In practical scenarios, it is very restrictive to always require a consistent hypothesis class to bound the generalization error. In this section, we look at a more general case where empirical error is non-zero. For this derivation, we use the Hoeffding’s inequality which provides an upper bound on the probability that the mean of independent variables in an interval $[0,1]$ deviates from its expected value by more than a certain amount.

\[P(\bar{X} - \mathbb{E}\bar{X} \geq t) \leq \exp(-2nt^2)\]

If we take the errors as the random variable, their mean is the empirical error and the expectation is the generalization error. We can then get an upper bound for the generalization error of a single hypothesis $h$ as

\[R(h) \leq \hat{R}(h) + \sqrt{\frac{\log \frac{2}{\delta}}{2m}}\]

However, this is still not the general case since the hypothesis $h$ returned by the learning algorithm is not fixed. Similar to the consistent case, we will try to obtain an upper bound on the generalization error for an inconsistent (but finite) hypothesis, i.e., we need to compute the probability that there exists some hypothesis $h \in H$ such that the generalization error of $h$ differs from its empirical error by a value greater than $\epsilon$. Again, using the union bound, we get

\[P \leq \sum_{h \in H}Pr[|\hat{R}(h)-R(h)|>\epsilon]\]

Using the Hoeffdieng’s inequality, this becomes

\[P \leq 2|H|\exp(-2m\epsilon^2)\]

Now equating the RHS with $\delta$, we can arrive at the result

\[R(h) \leq \hat{R}(h) + \sqrt{\frac{\log |H| + \log \frac{2}{\delta}}{2m}}\]

Here it is interesting to note that for a fixed $\vert H\vert$, to attain the same guarantee as in the consistent case, a quadratically larger labeled sample is required. Let us now analyze the role of the size of hypothesis class. If we have a smaller $H$, the second term is reduced but the empirical error may increase, and vice versa. However, for the same empirical error, it is always better to go with the smaller hypothesis class, i.e., the famous Occam’s Razor principle.

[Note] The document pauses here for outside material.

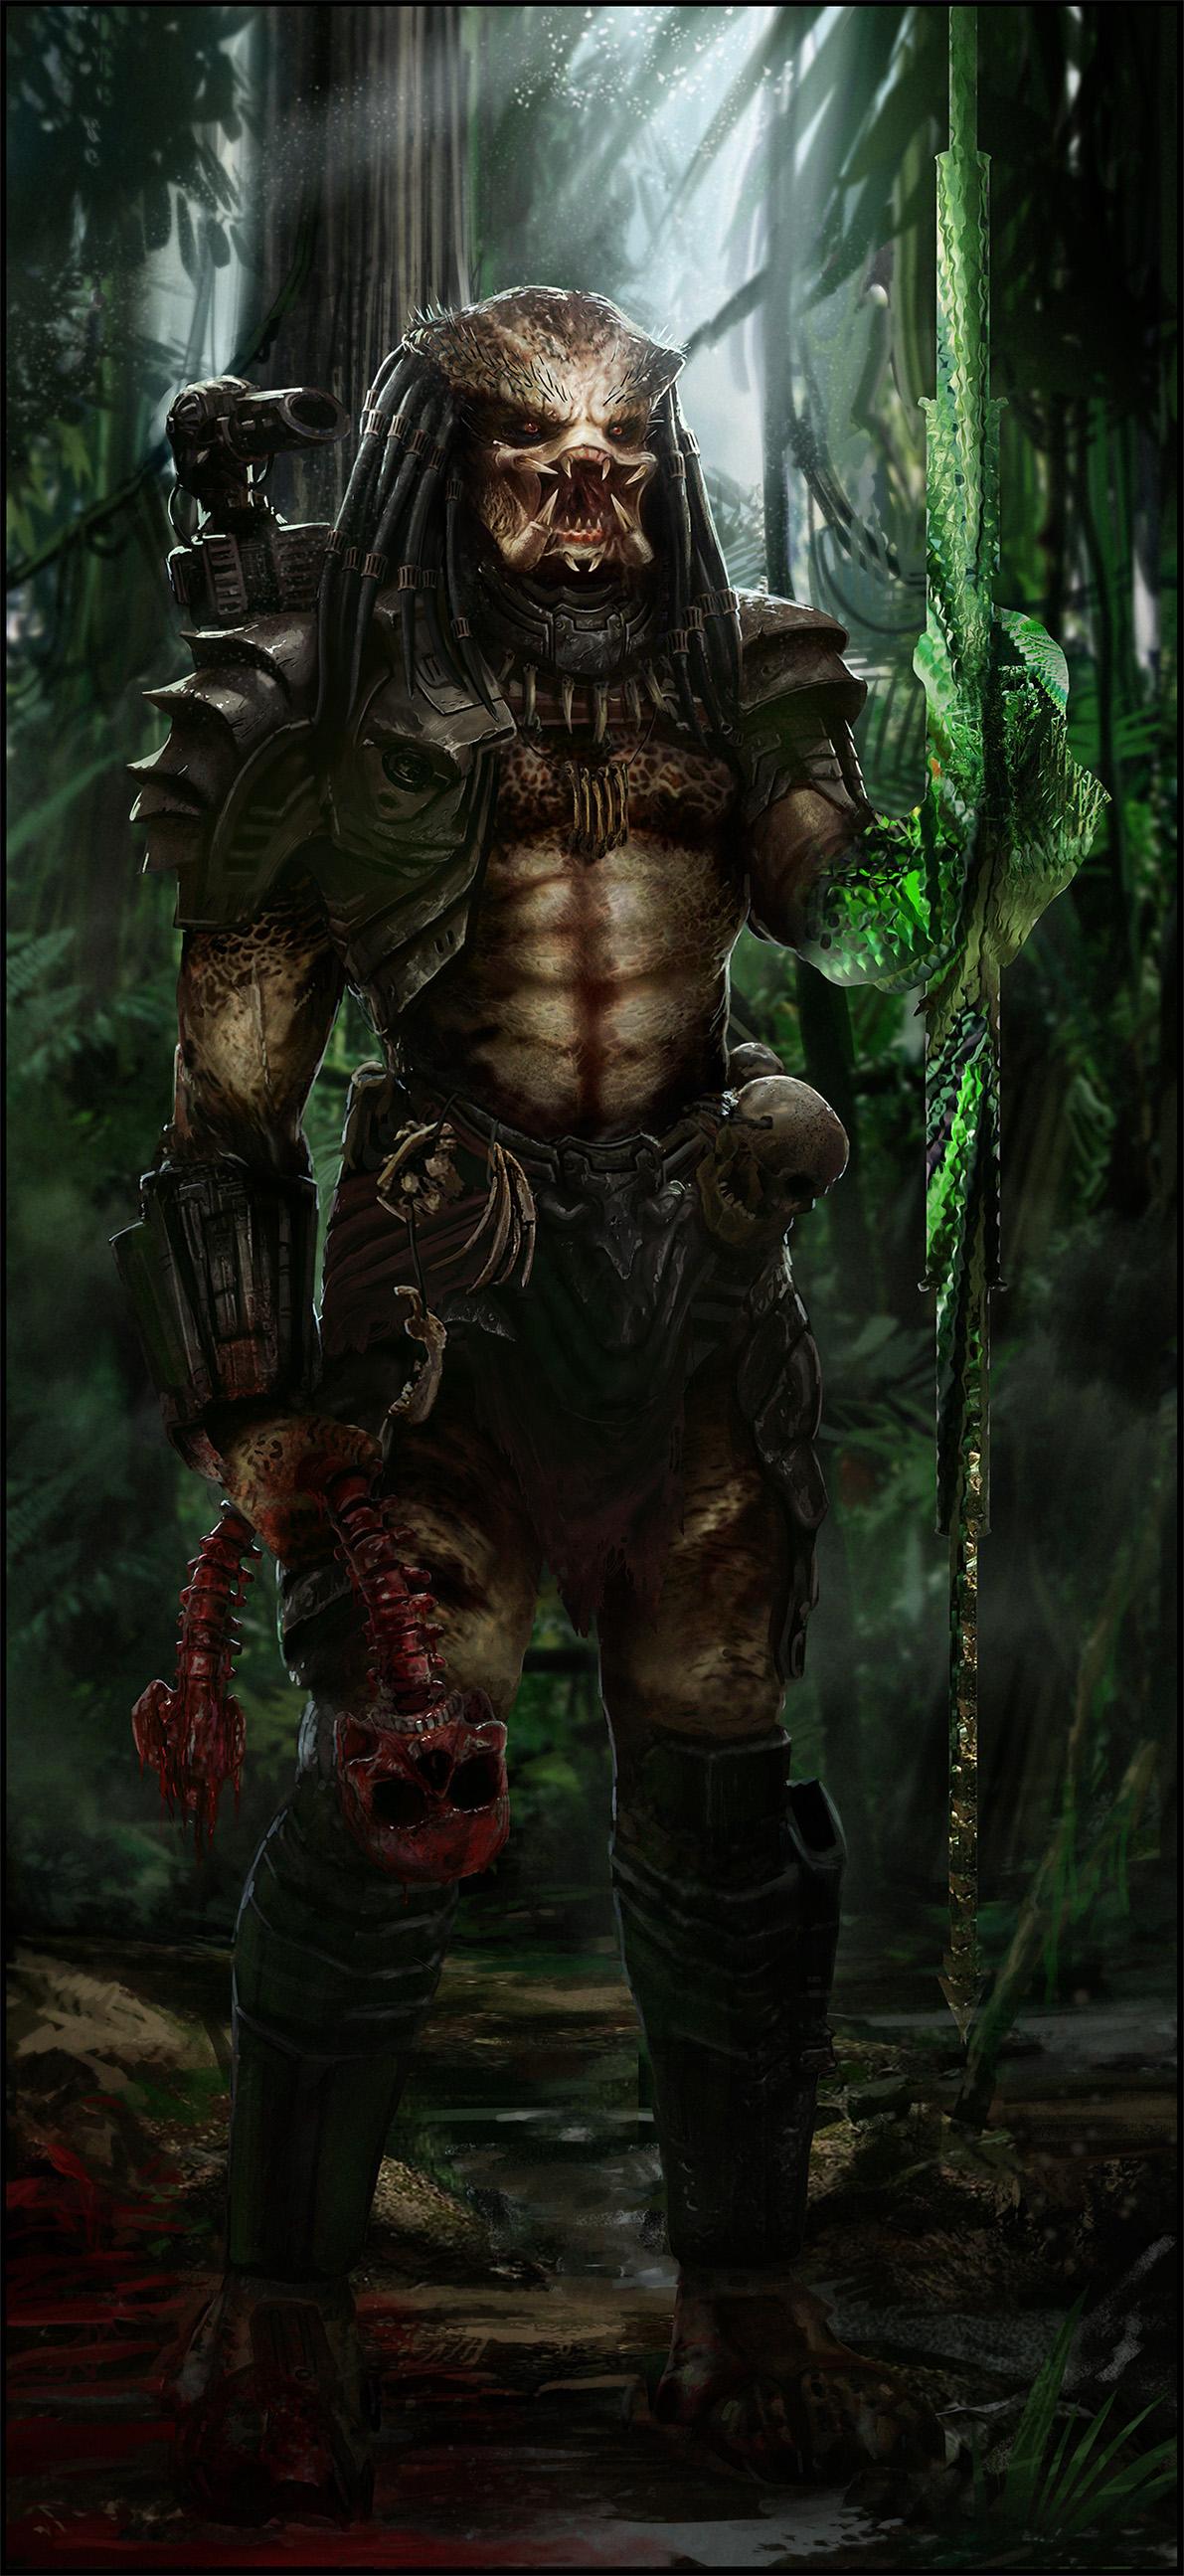 predator jungle - digital art

In this article, we looked at some generalization bounds in case of a finite hypothesis, using the PAC learning framework. In the next part, I will discuss some measures for infinite hypotheses, namely the Rademacher complexity, growth function, and the VC dimension.

This blog post is loosely based on notes made from Chapter 2 “The PAC Learning Framework” of Foundations of Machine Learning.